Its funny how you never love your children so much as when they are sleeping! I mean I love my DS, don't get me wrong, I have always loved him in a dutiful functional kind of way, but I have never enjoyed being a parent until recently, and even now occasionally its really tiresome...
Known affectionately to me (or not) as 'being under house arrest', it was horrid being a SAHM- just mind numbingly boring and endlessly tiring, like an 18hr job with no pay and no one to talk to, then in the other 6 hours you get to do further housework etc and maybe squeeze a bit of a snooze in here and there.
When you're a single mom, you might as well be in solitary confinement, but its even worse because you add total sleep deprivation, slave labor and mental torture that you cant share with a significant other...it comes to something when you have seen all the episodes of peppa pig (my favorite being the one where they go ice skating) and the thing you look forward to is an episode you haven't seen, and that you have managed to learn basic sign language courtesy of Mr Tumble.
I was never maternal, people even used to comment how odd it looked if i held a friends baby (normally at arms length hoping it wouldn't puke), i have no idea why I decided to have a baby- it seemed like the right time I suppose, financially stable, engaged (although he left not long after DS was born) blah blah blah.

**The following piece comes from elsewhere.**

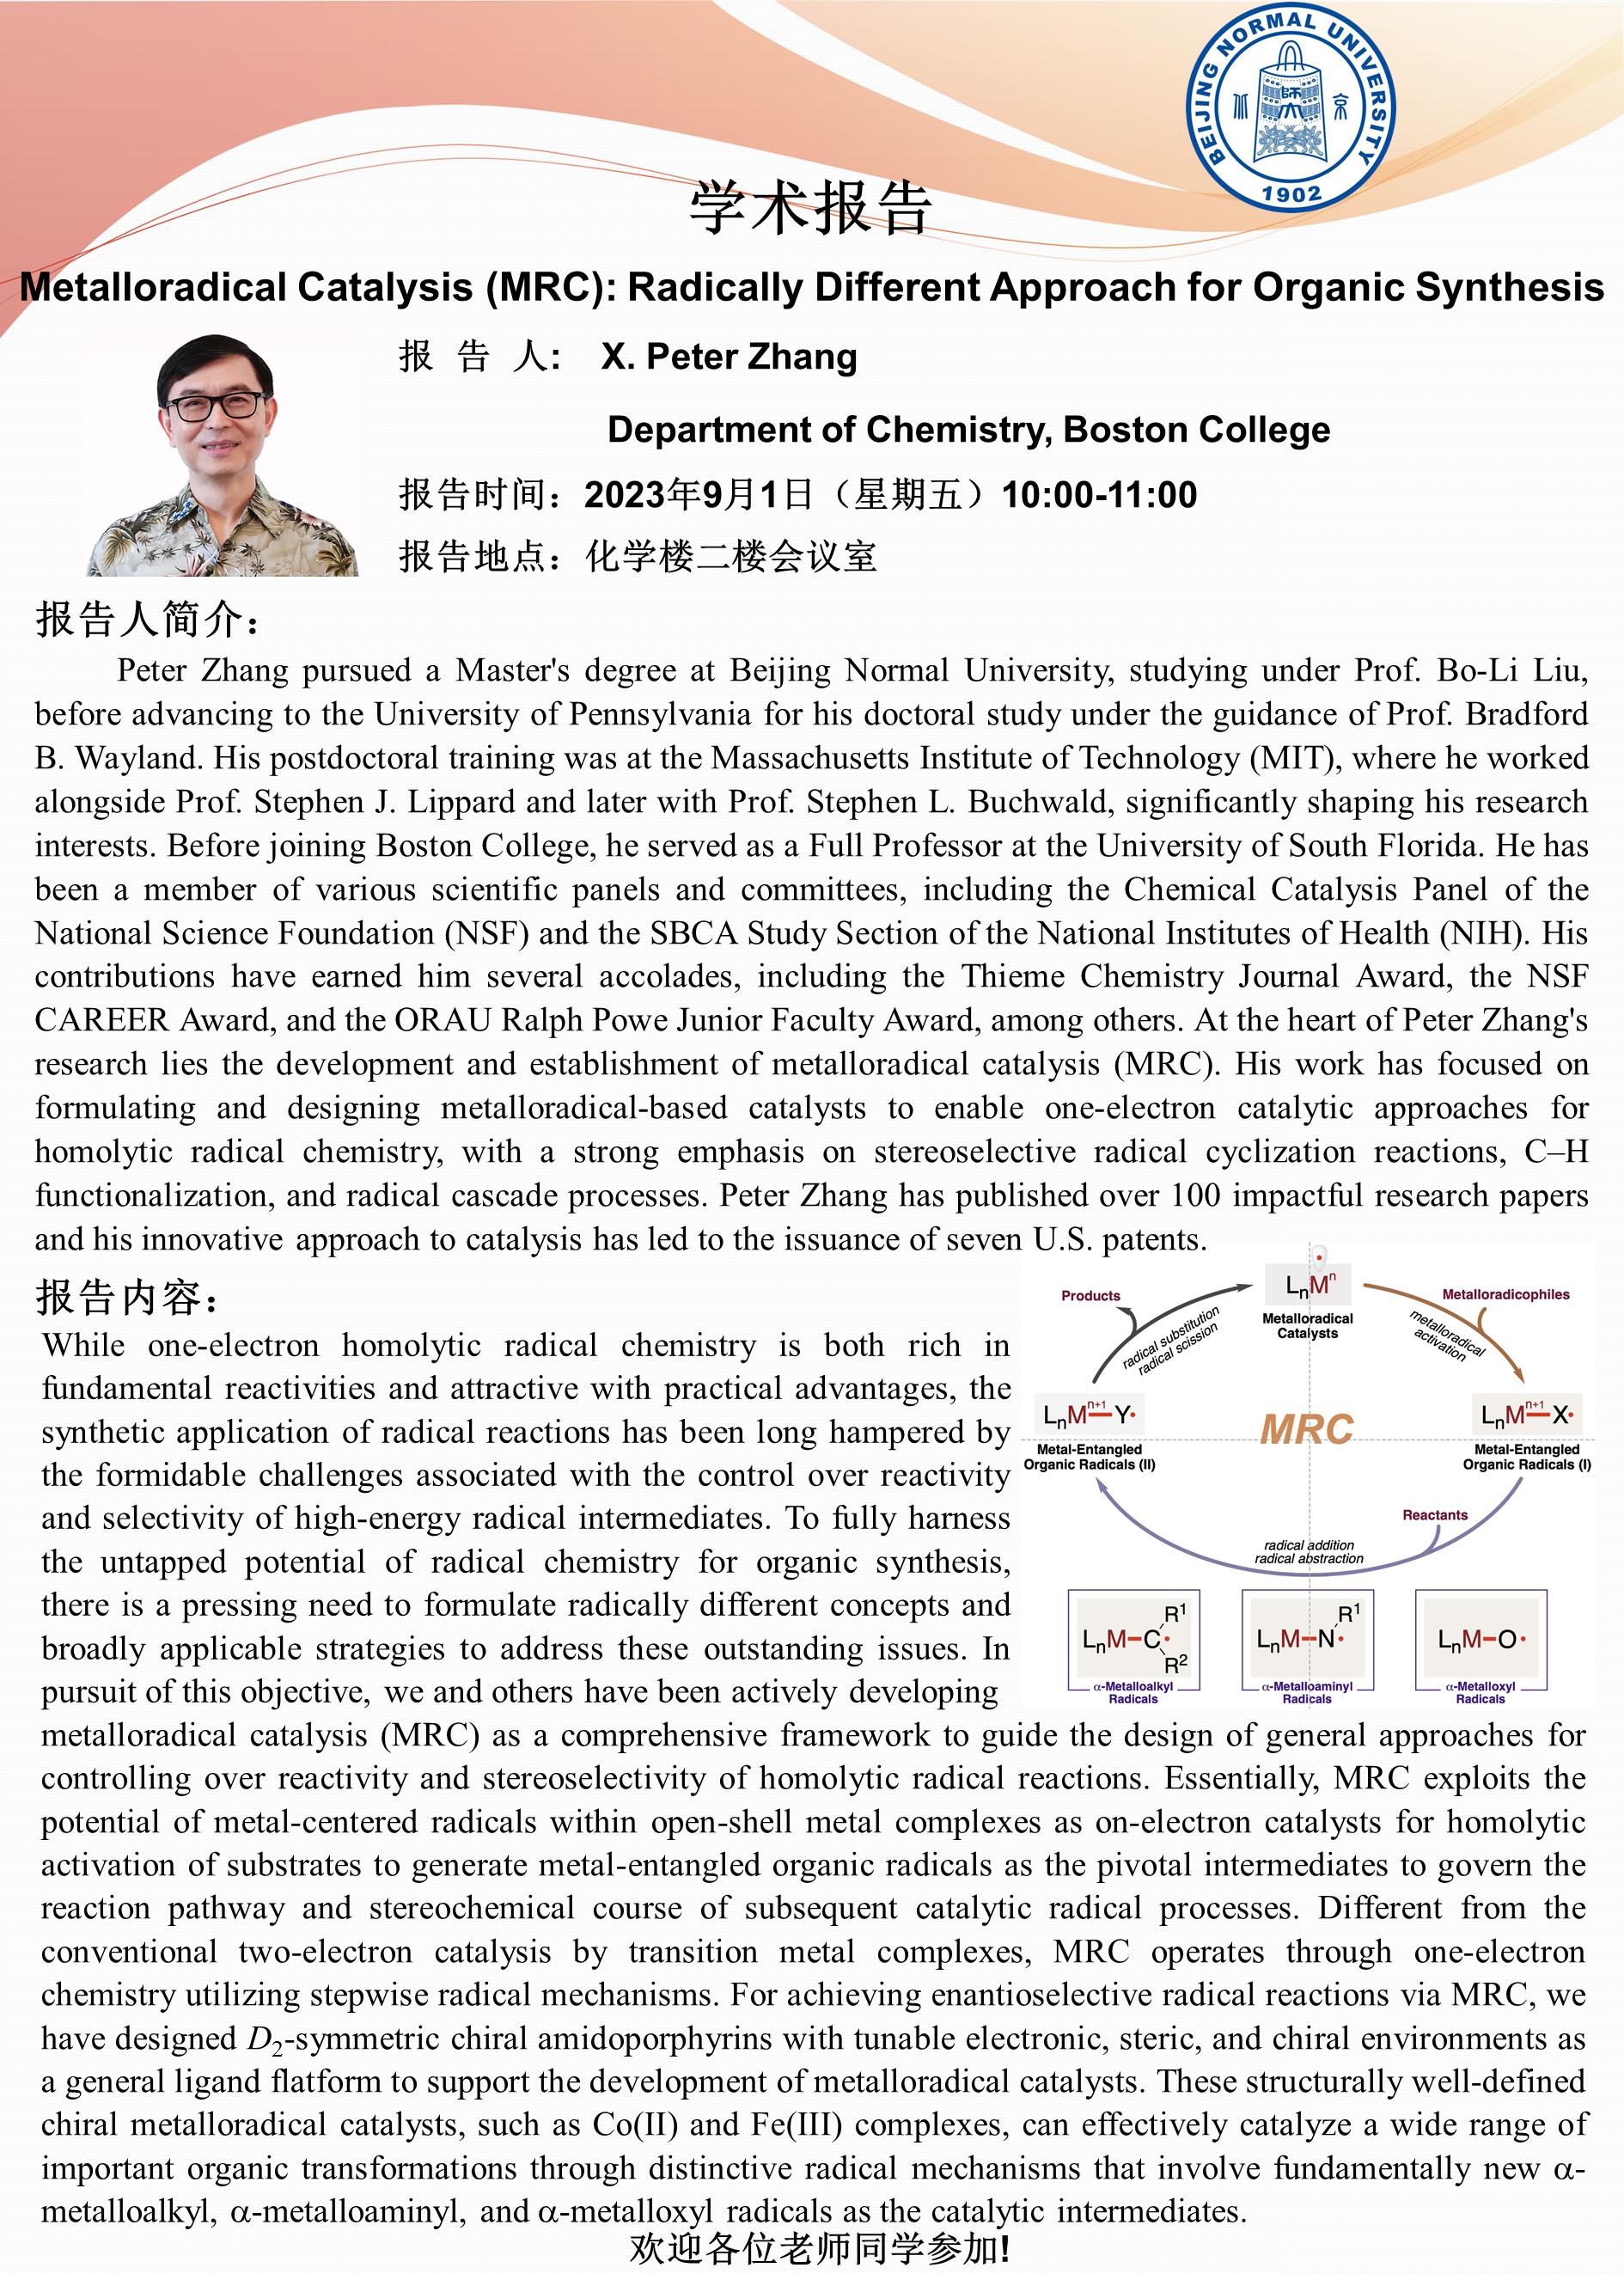 Peter Zhang-Metalloradical Catalysis (MRC)-Radically Different Approach for Organic Synthesis.jpg

Turns out I'm a crap mom, not in the basic needs sense, but in the actually liking children sense. I mean if it were Neanderthal times then I'd be the most awesome mom ever- like if it were about survival of the fittest then my offspring would be chubby feral survivors.... but its not. Its a day and age where even the mere sniff of not being totally grateful and in love with motherhood gets you shot down by the mummy mafia. Those who chirp on about how fulfilling and meaningful having children is and who do arts and crafts 8 hours a day, and bake cakes with perfect princess daughters like something off a bloody flora advert.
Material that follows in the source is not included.